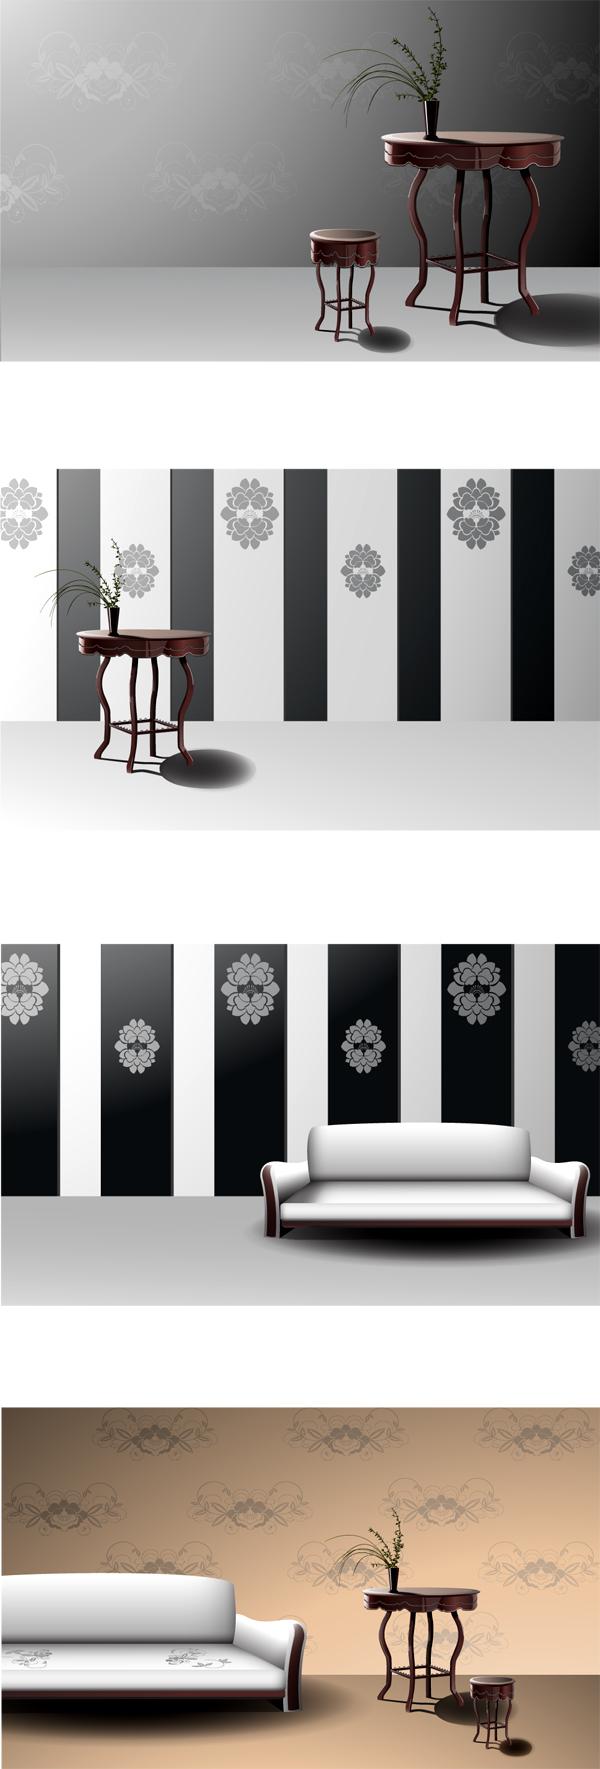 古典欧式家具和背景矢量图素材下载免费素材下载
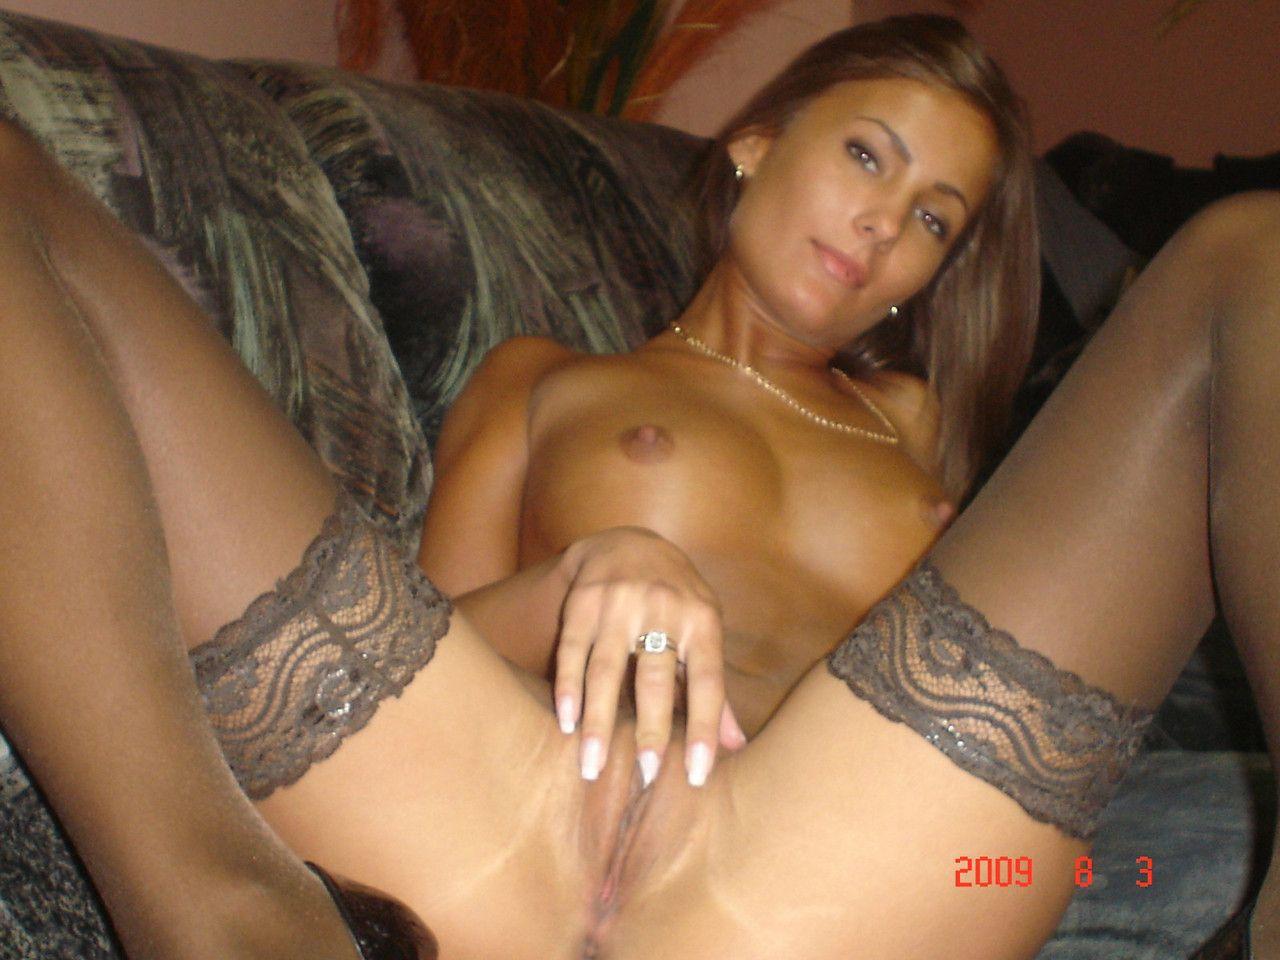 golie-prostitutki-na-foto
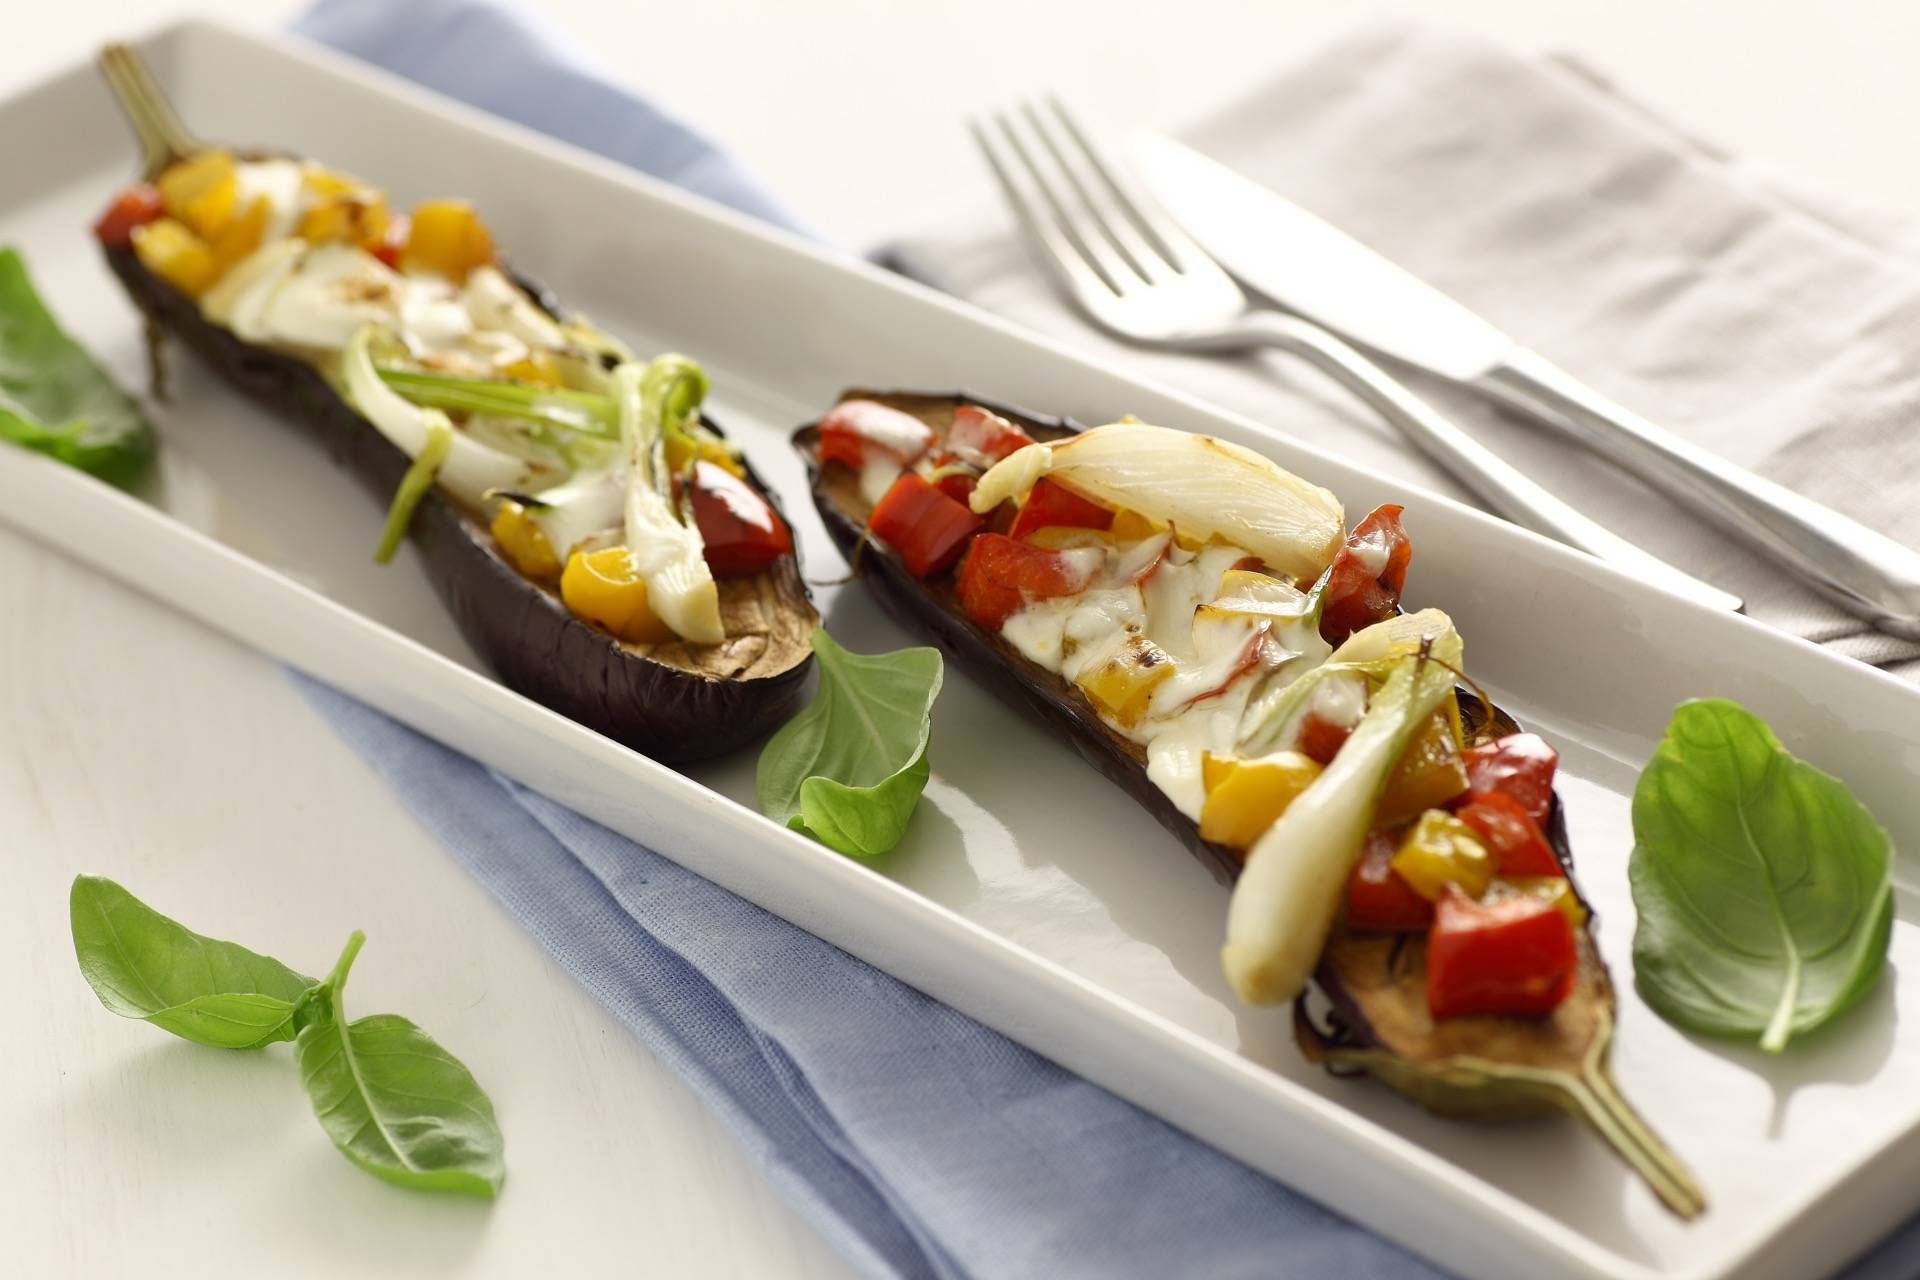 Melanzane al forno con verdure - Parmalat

## Task description
With the pictures omitted, give every line above again exactly.

## Reply to the task
 古典欧式家具和背景矢量图素材下载免费素材下载
 golie-prostitutki-na-foto
 Melanzane al forno con verdure - Parmalat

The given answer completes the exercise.